That really gets you going. The rest of it is stuff to clean with, CL bleach to sanitize the water tank, and other normal stuff like that. What I did was to camp somewhere that is close to a Wal-mart or shopping area so as you discover something you need, you can get it. Make a list of things you have forgot and above all, have fun.


----------



## Oregon_Camper (Sep 13, 2004)

Welcome...Welcome...Welcome.

Glad you found us.









Congrats on the new Outback. You're going to LOVE it.
















Here is the PDF I put together from a few other PDI's

http://home.comcast....aster%20PDI.pdf

Give yourself at least 2-3 hours to complete.

Here is the hard part.....don't bring your daughter. She will get bord VERY quickly and the PDI needs to be done without trying to monitor a child as well.


----------



## azthroop (Jun 16, 2007)

Welcome! One thing to remember, on the walk through look at everything and test EVERYTHING! Make sure you know how it works or be sure to ask! We drove to Michigan from AZ to pick up our OB and we stayed overnight in the dealers lot (he has it set up for this stuff). By the next morning we had a few more things to add to the fix-it list. It was a nice little dry-run, camping in the lot.

Don't feel hesitant about anything. If it looks suspicious, ask about it.

Once you leave the lot, it is just that much harder to get things fixed.

You made a great choice!!

azthroop


----------



## battalionchief3 (Jun 27, 2006)

You can basically go to wal-mart and buy one of each...
I recommend a 50' white water hose, cut it in 15' and a 35'. Buy the ends at the hardware store so you have 2 hoses for short runs, med runs and long runs.

Sewer hose and and extension.
Scotts TP.
A water pressure regulator is a must
A surge protector is recommend.
Chemicals for toilet so I don't stink on ya.
Then tow it to walmart and buy it all.

toaster,pots,pans,plates,silverware,towels...it takes a while to figure out what you need. You will forget plenty. After a few trips you will have it all and be a pro.

Welcome to the club.


----------



## CamperAndy (Aug 26, 2004)

Two things to add,

Don't just let the tech show you how things work, do them yourself. Ask questions if something is not familiar to you.

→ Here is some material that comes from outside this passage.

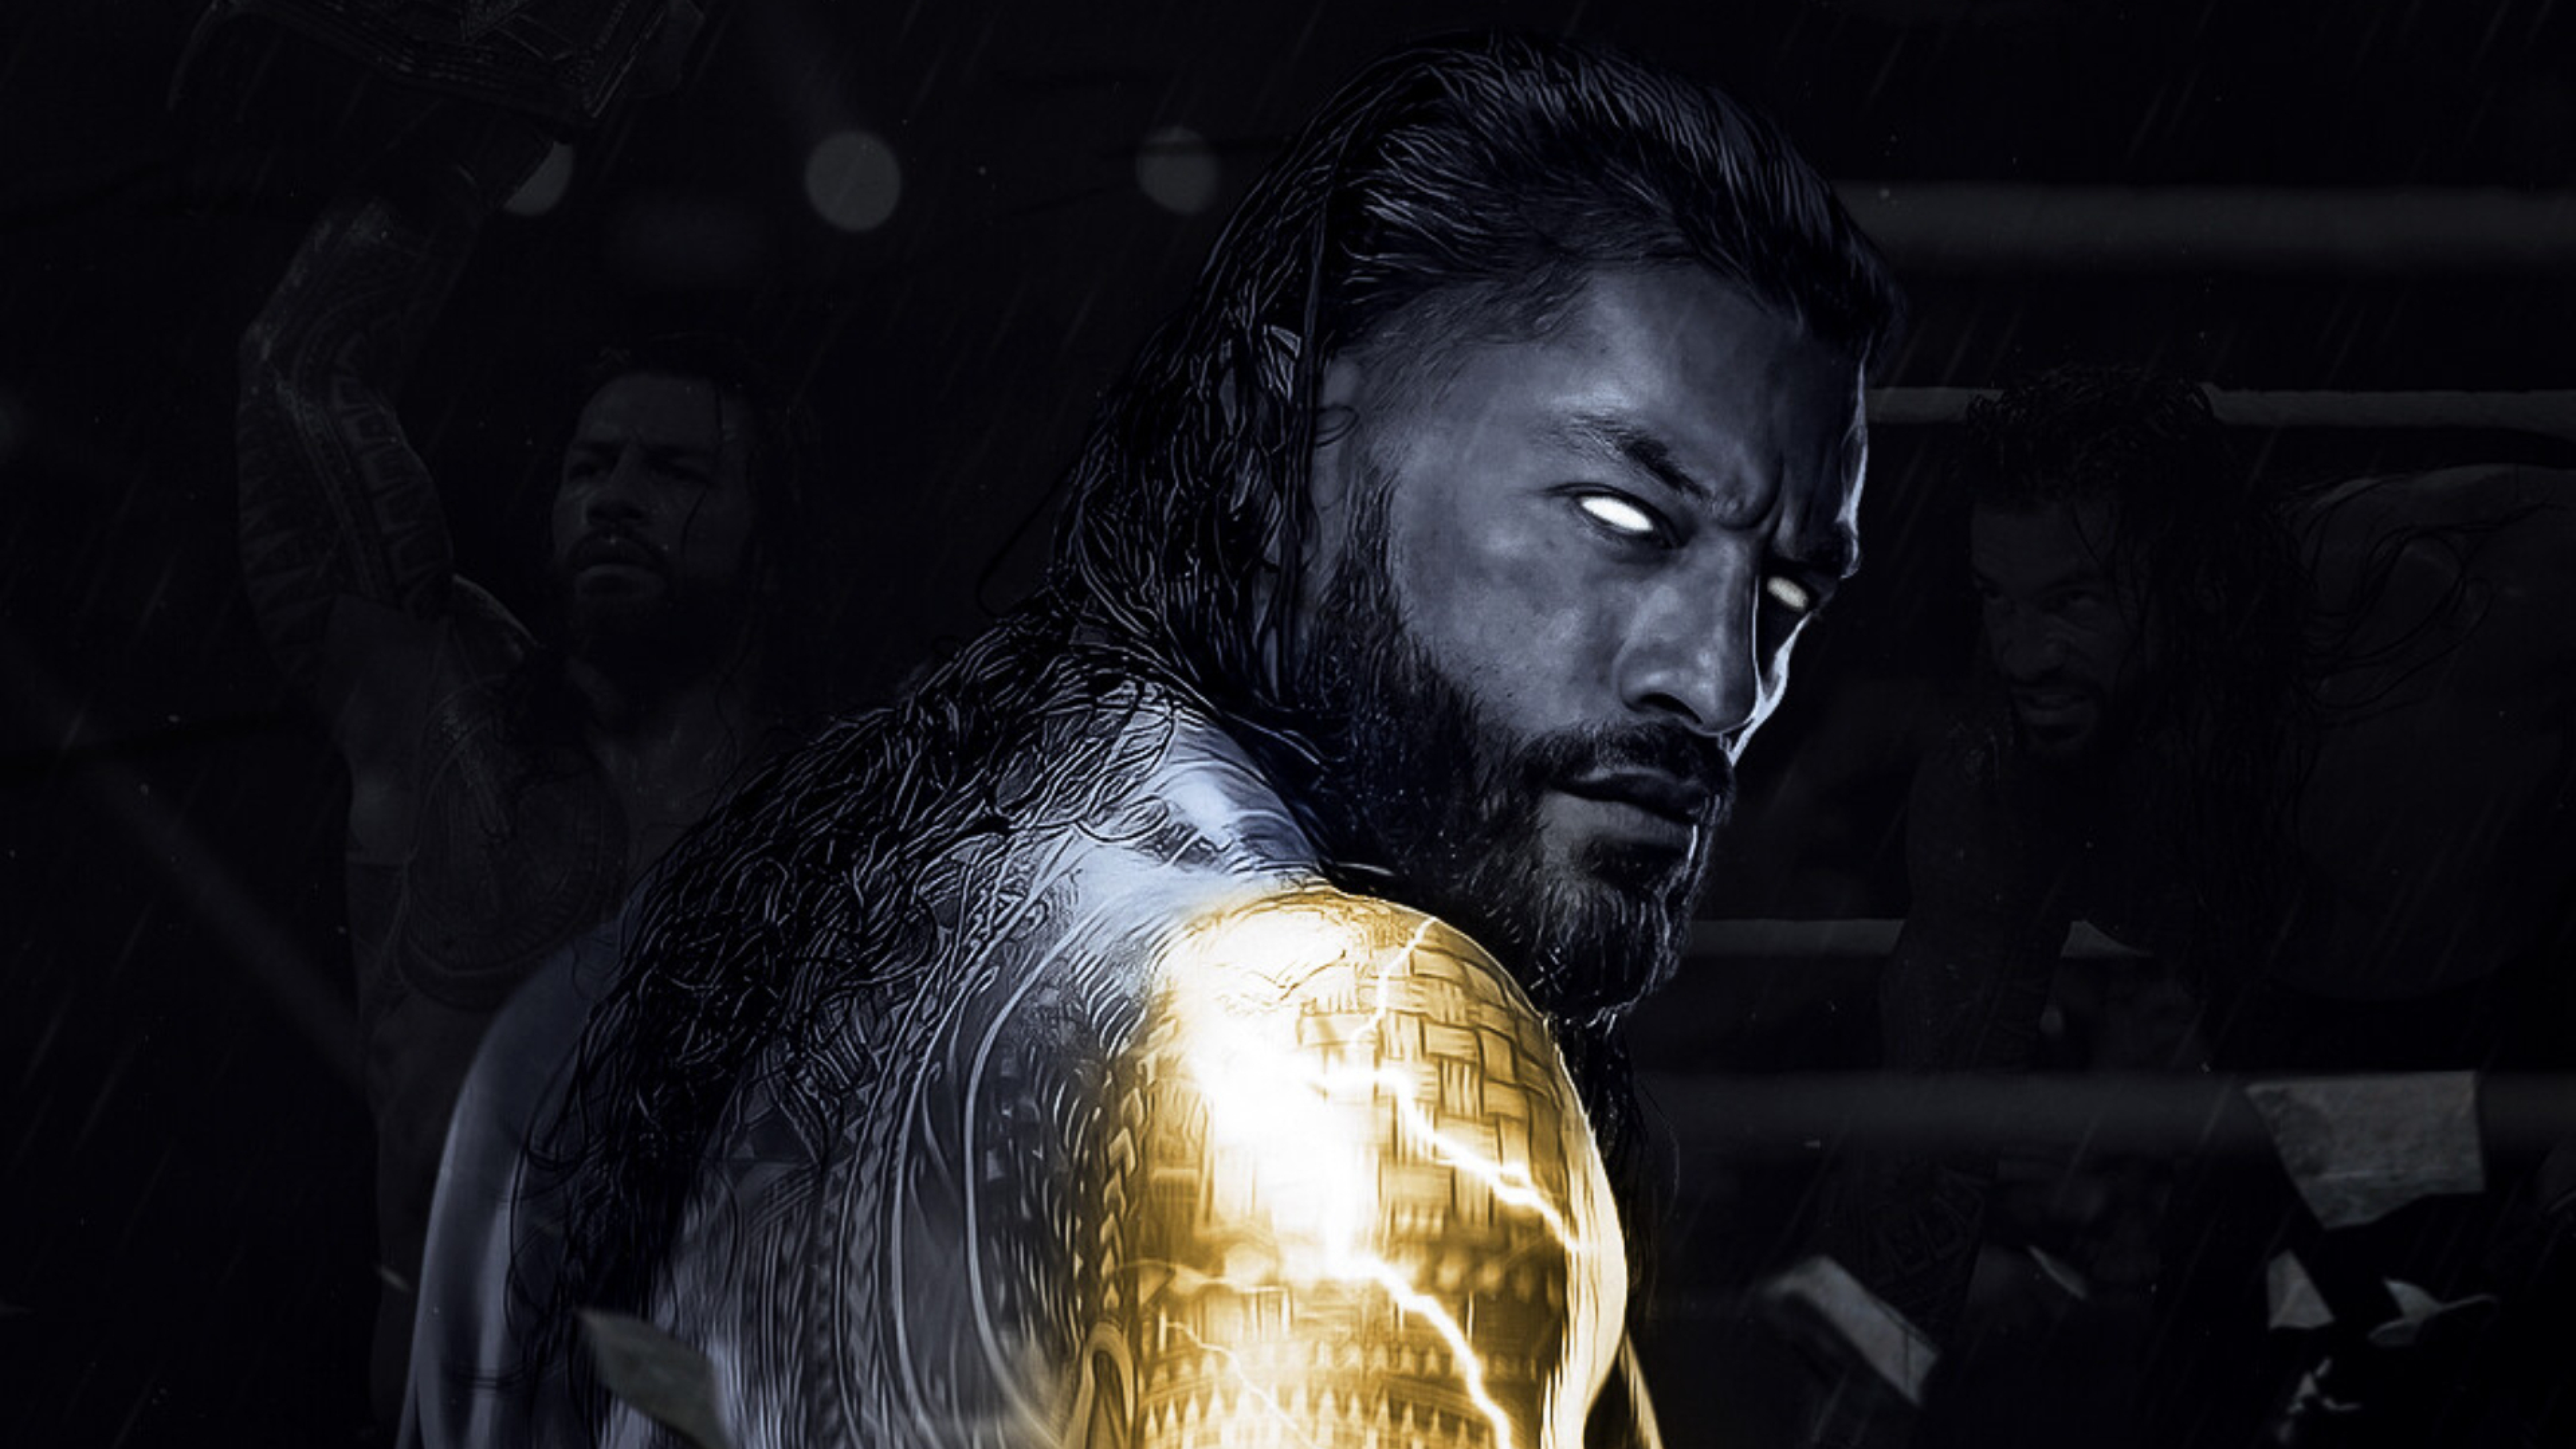 7680x4320 Roman Reigns The Tribal Chief 8K Wallpaper, HD TV Series 4K  Wallpapers, Images, Photos and Background - Wallpapers Den

Get a Prodigy brake control it is worth the money.


----------



## Collinsfam_WY (Nov 9, 2006)

I highly recommend the surge protector. We have had 3 occasions when it saved us from frying everything in the trailer - once at a State Park, once at a nice RV park and once when plugged into the 30amp at the family farm. I would also recommend the 30amp to 50amp adapter.

Welcome to the board and Congratulations on a great new trailer!


----------



## Ghosty (Jan 17, 2005)

Oregon_Camper said:


> Welcome...Welcome...Welcome.
> 
> Glad you found us.
> 
> ...


If the PDI takes less then 1.5 hours then they or you skipped something ... my recommendation is that you bring along NO DAUGHTER but a WIFE WITH A VIDEO CAMERA... that video camera thing saved me some heartache a couple of times when i could not rememeber how to light the stove, open the awning or work the water heater...

Make sure that everything works -- make sure that they UNPLUG the trailer from shore power and start the fridge (listen to it run) .. that the oven and stove lights... that the hot water heater lits... and most importantly for you -- the HEATER lights and runs on its on....

Then have them plug in the shore power and make sure the AC works...

BUT BRING A VIDEO CAMERA...


----------



## The Teke's (Oct 11, 2009)

Thanks for all the replies everyone. This is the kind of info I've been looking for. 
Oregon, thanks for the list. I'll take it with me on Wed. 
Ghosty, great idea about the video camera, I seem to always forget how to do something and that would be a helpful reminder.

What kind of surge protector, and water pressure regulator are we talking about?


----------